Soon after Ola Haus, Laurel gave birth to her baby girl named Barcelona. “I had ideas of stuff I wanted her to wear that I couldn’t find in the market… But it was destiny when our old mananahi who resigned from Casa Kyla, who was actually our master cutter and pattern maker, came back. I asked her if she wanted to work with me on a small project I wanted to do. Ever since the first day she came in, we never stopped working. It’s been three years.”

The selection of clothes features vibrant coordinates for little people that match the carefree, joyful feelings of childhood. Some sets feature flowers and foliage in undulating patterns. “All of the designs are easy to put on. My daughter hated putting stuff over her head. So it was so hard to look for cute stuff that I could just snap on. That’s why the earlier designs were all two pieces you could tie from the side. Or the opening of the neckline was so big that the kid wouldn’t feel like their head was going to get stuck.”

READ MORE: Motherhood & me: On balancing self-care with responsible parenting


Linking motherhood and creative entrepreneurship

Balancing motherhood and entrepreneurship (especially of multiple brands) can seem challenging, but Laurel makes it look easy. Perhaps it’s because of her brands that connect to the home and show the brighter, lighter side of life, especially of childhood. But Laurel seems to balance it all through active, engaged parenting.

“My daughter’s in her Princess era now. Everything must be a dress. She comes with me to the office and she’s interested in the brand and in design. She even puts textiles together to match dresses. She models all my collections, and we have fun with it.
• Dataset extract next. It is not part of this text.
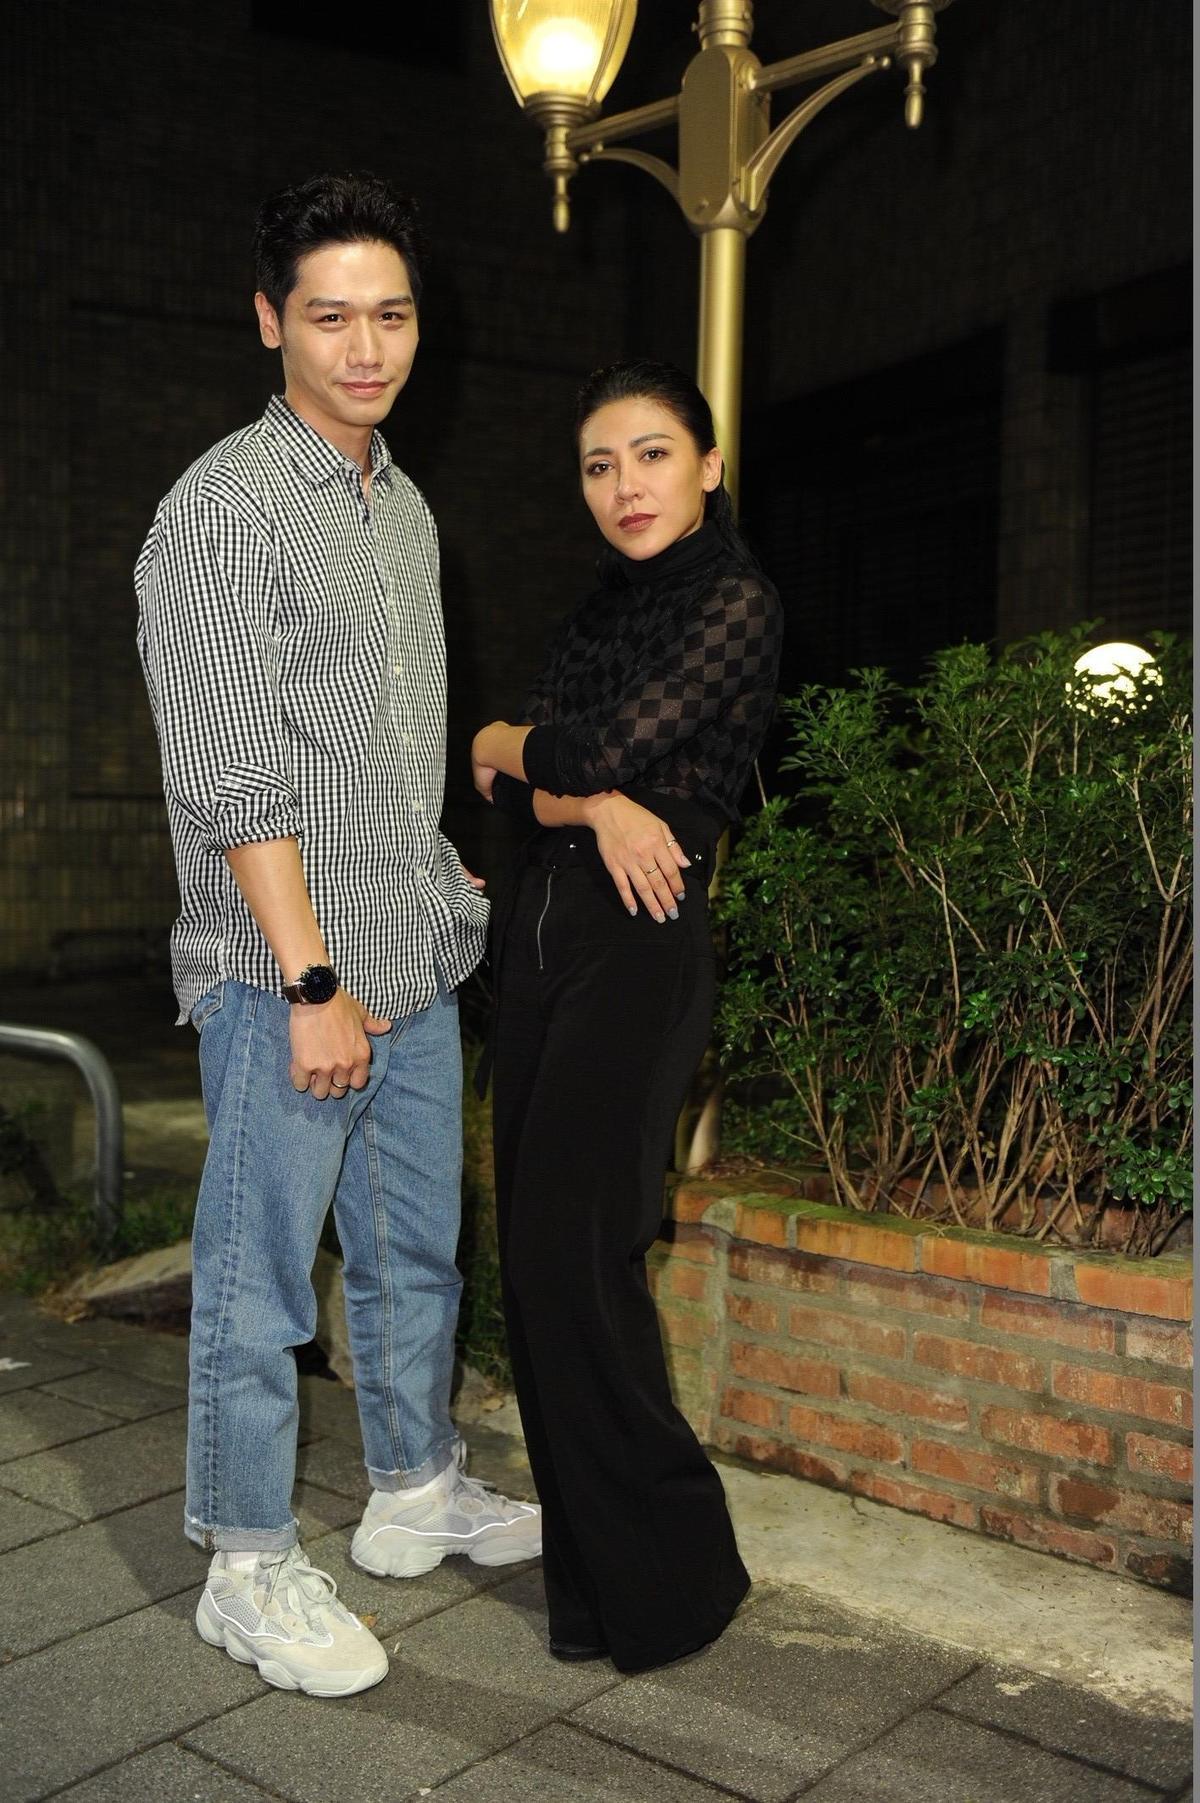 好友蔡旻來到現場給艾怡良打氣,兩人原來已有三個月沒見面。(EMI環球提供)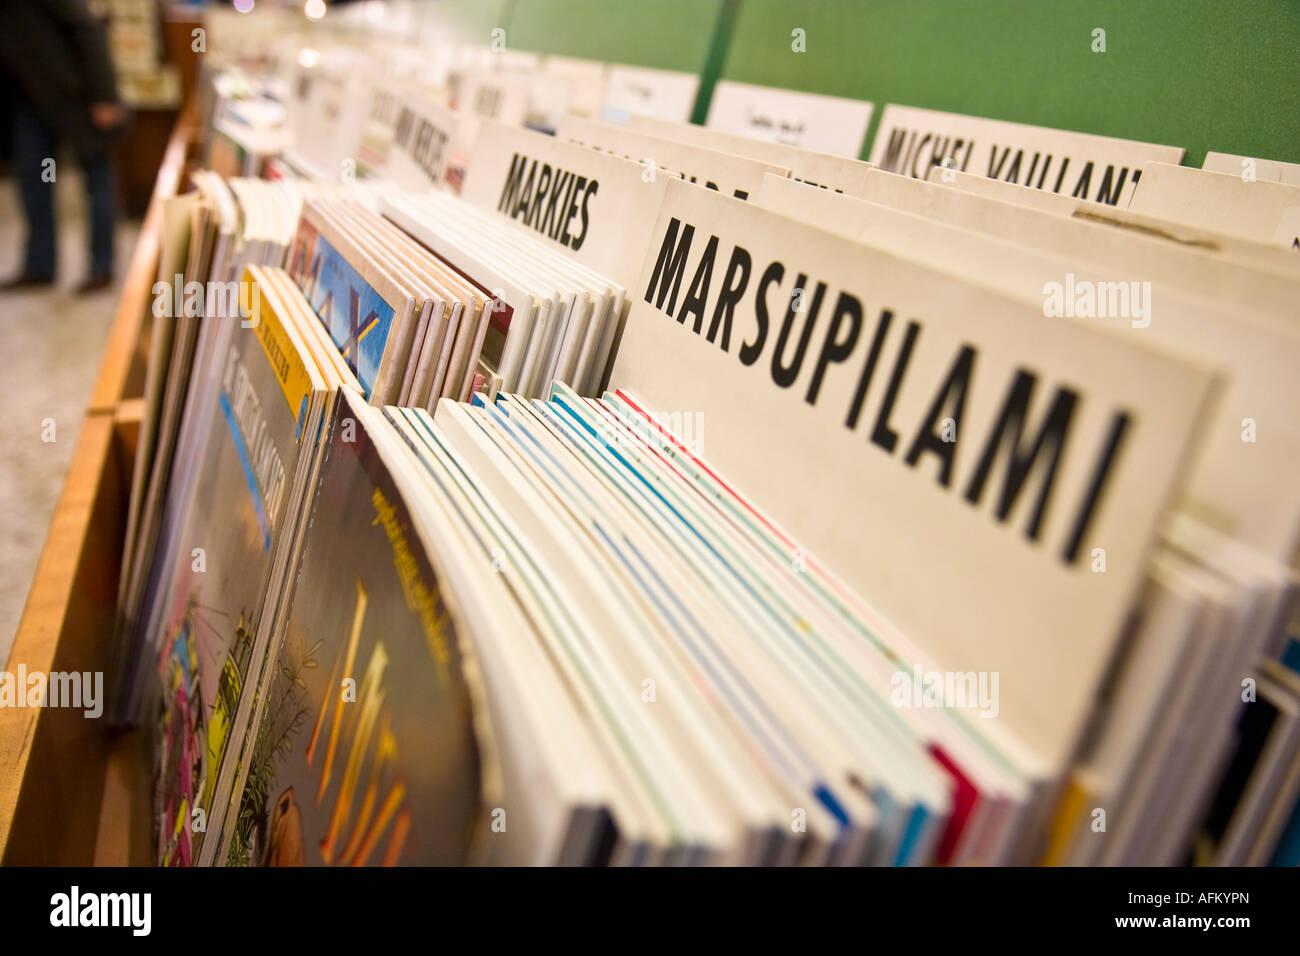 Comic-Buchhandlung an der belgischen Comic-Strip Centre Art Brussels Belgien Stockbild

I recently launched button-downs with Ola Haus and I shot it together with Ola Bebe—it only took 30 minutes because my daughter loves the clothes and loves modeling the clothes. 

Kyla Olives Laurel
Photo by Jay Laurel

“My friend told me, your life will change as much as you let it change. Of course, there were sacrifices earlier on when my daughter was still young. But when I get home, she’s with me. I bring her into the office. So the biggest change is accepting that things will slow down a bit more because you’re a mother. Maybe before I could finish 10 things in a day. And now maybe five. Just because she needs my attention. Like today, she’s with us in the office. And now she wants to color, so I need to watch her color while I’m doing quotations.” 

“There are some days that one brand is the highlight of the day, another day is another brand. I take things day to day. I don’t really let it overwhelm me. The worst thing is when you hit that wall and you can’t design, you can’t create, your brain is closed.”

I ask Laurel what her Mother’s Day plans are, to which she answers that she’s doing a golf tournament. Besides handling three brands, she plays golf competitively. “I don’t like stopping. I think my daughter knows that. Maybe that’s why she’s like that also, she likes being busy. But also, I feel like I can’t not mention that I have a really good tribe of people supporting me. It’s not like I’m raising my daughter alone. My husband is so supportive. My family is so supportive, I have a really good yaya that I can fully rely on. And I feel like that sort of gives me confidence to just keep going, and keep working.”